Exactly as written, output the lines below starting from the first and ending with the line that contains "Konica Minolta 3900, 2900"; omit pictures.

DATA EXCERPT =
---

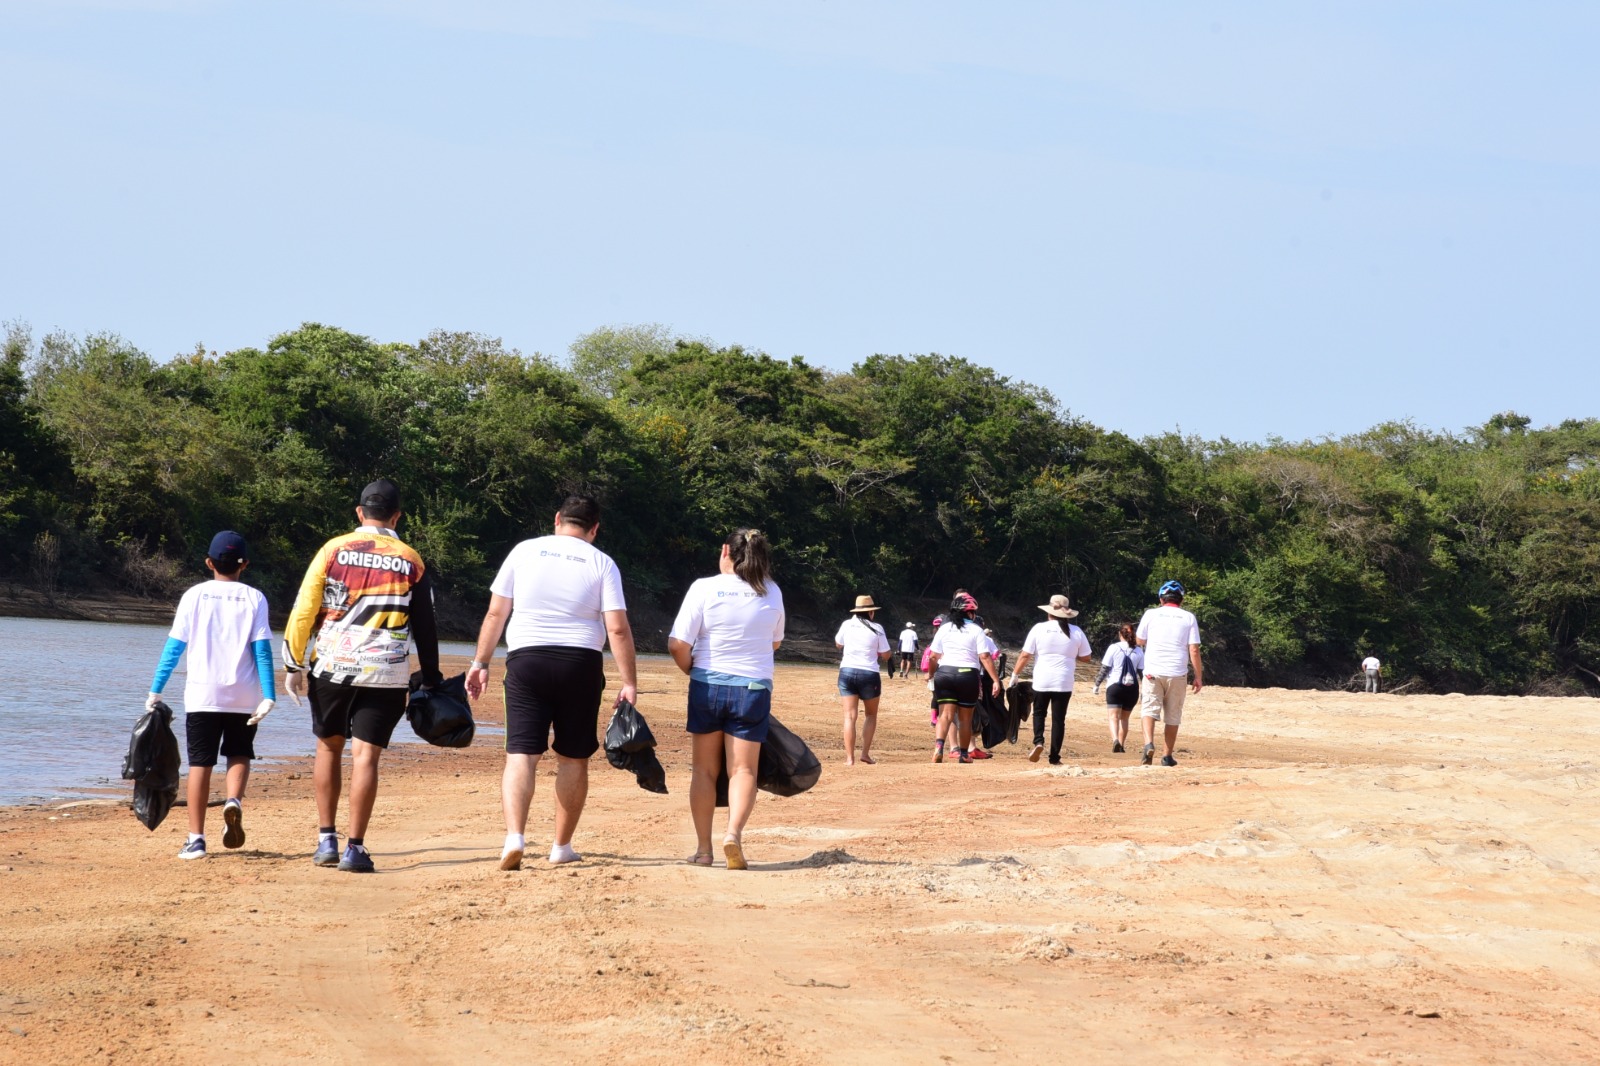 Imagem colorida mostra um grupo de pessoas de costas, vestindo camisas brancas e segurando um saco preto na mão, caminhando pela praia do Caçari.
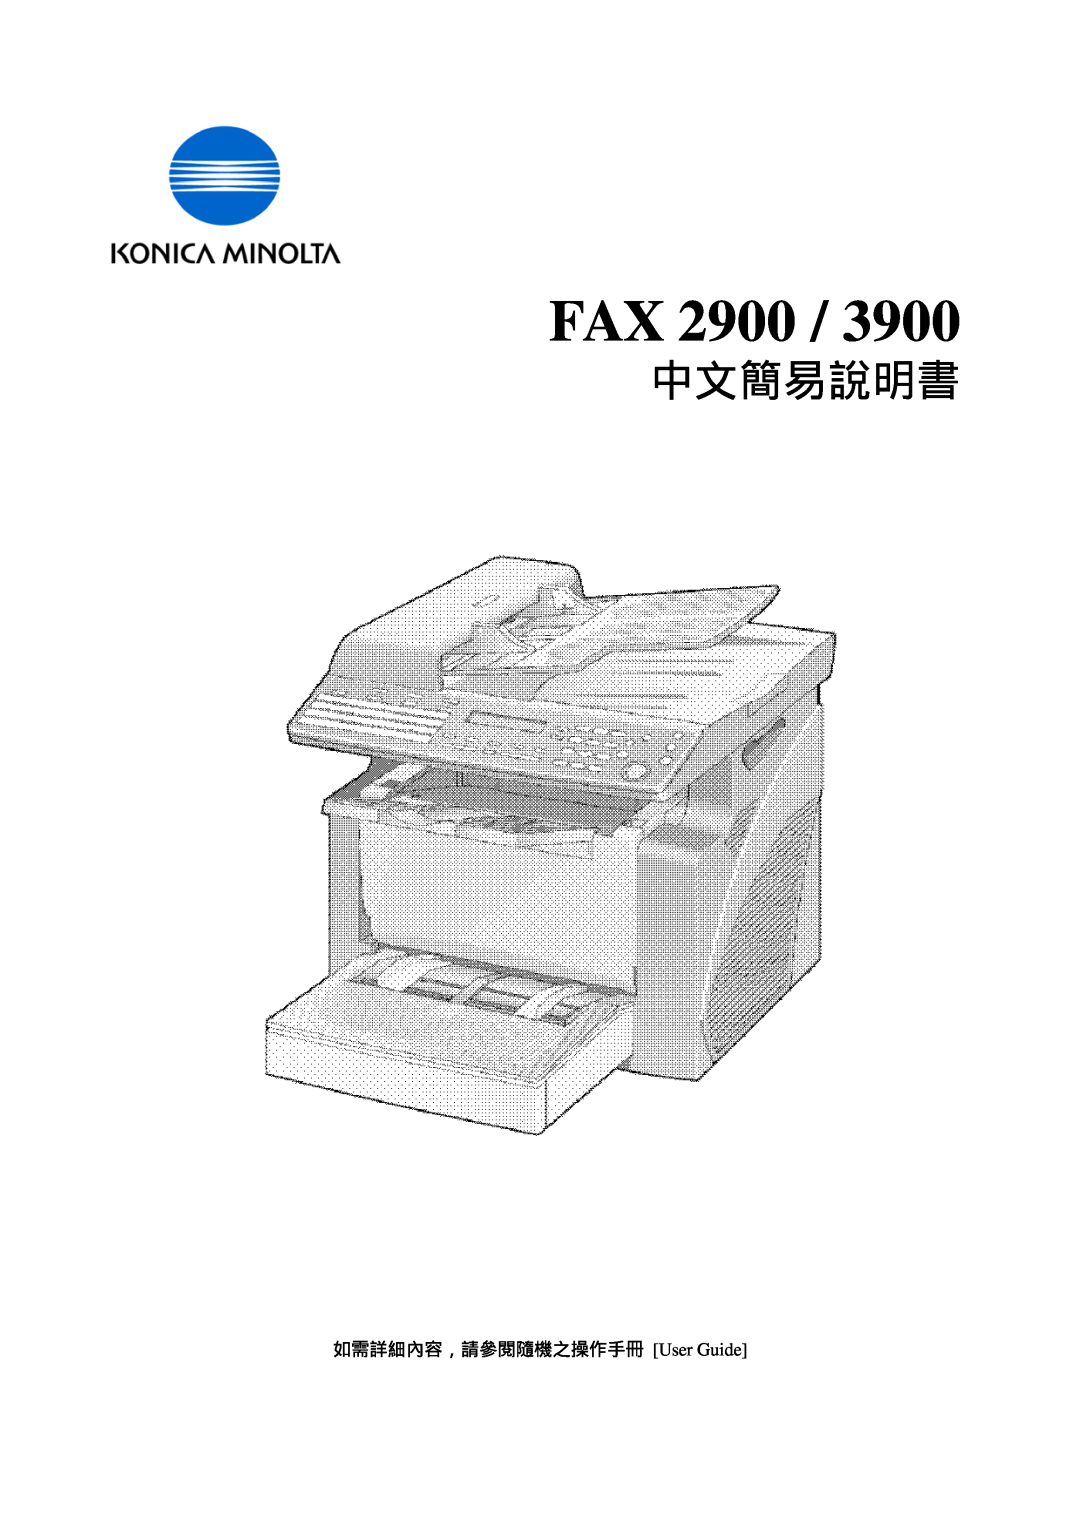 Konica Minolta 3900, 2900 manual Fax, User Guide 
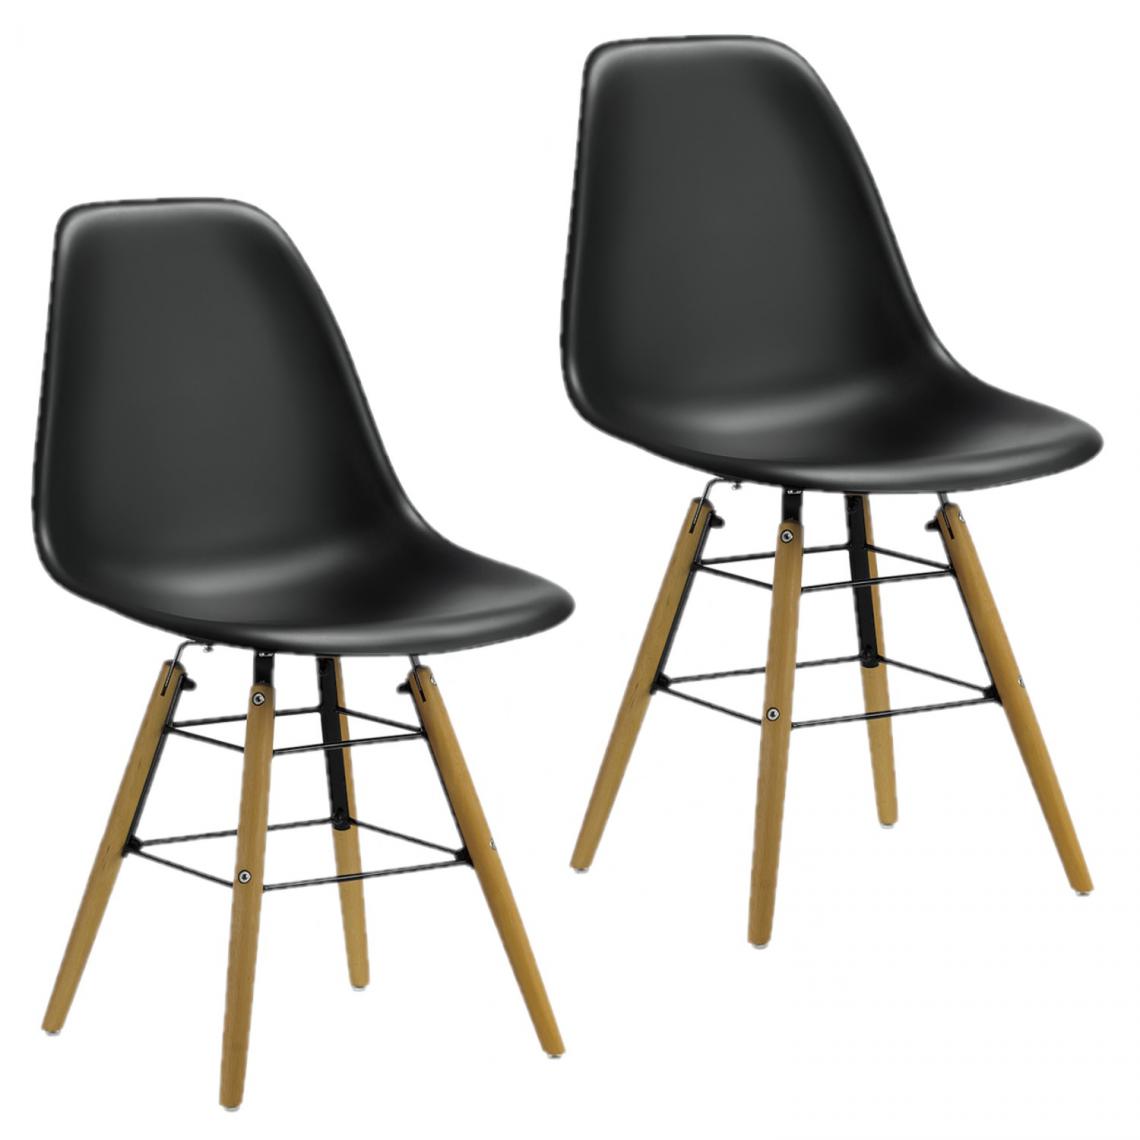 Toilinux - Lot de 2 chaises de table Liv avec pieds en bois de hêtre et châssis en métal - Hauteur d'assise 44 cm - Noir - Chaises

---

ANSWER TO THIS TASK =
 Imagem colorida mostra um grupo de pessoas de costas, vestindo camisas brancas e segurando um saco preto na mão, caminhando pela praia do Caçari.
 Konica Minolta 3900, 2900 manual Fax, User Guide 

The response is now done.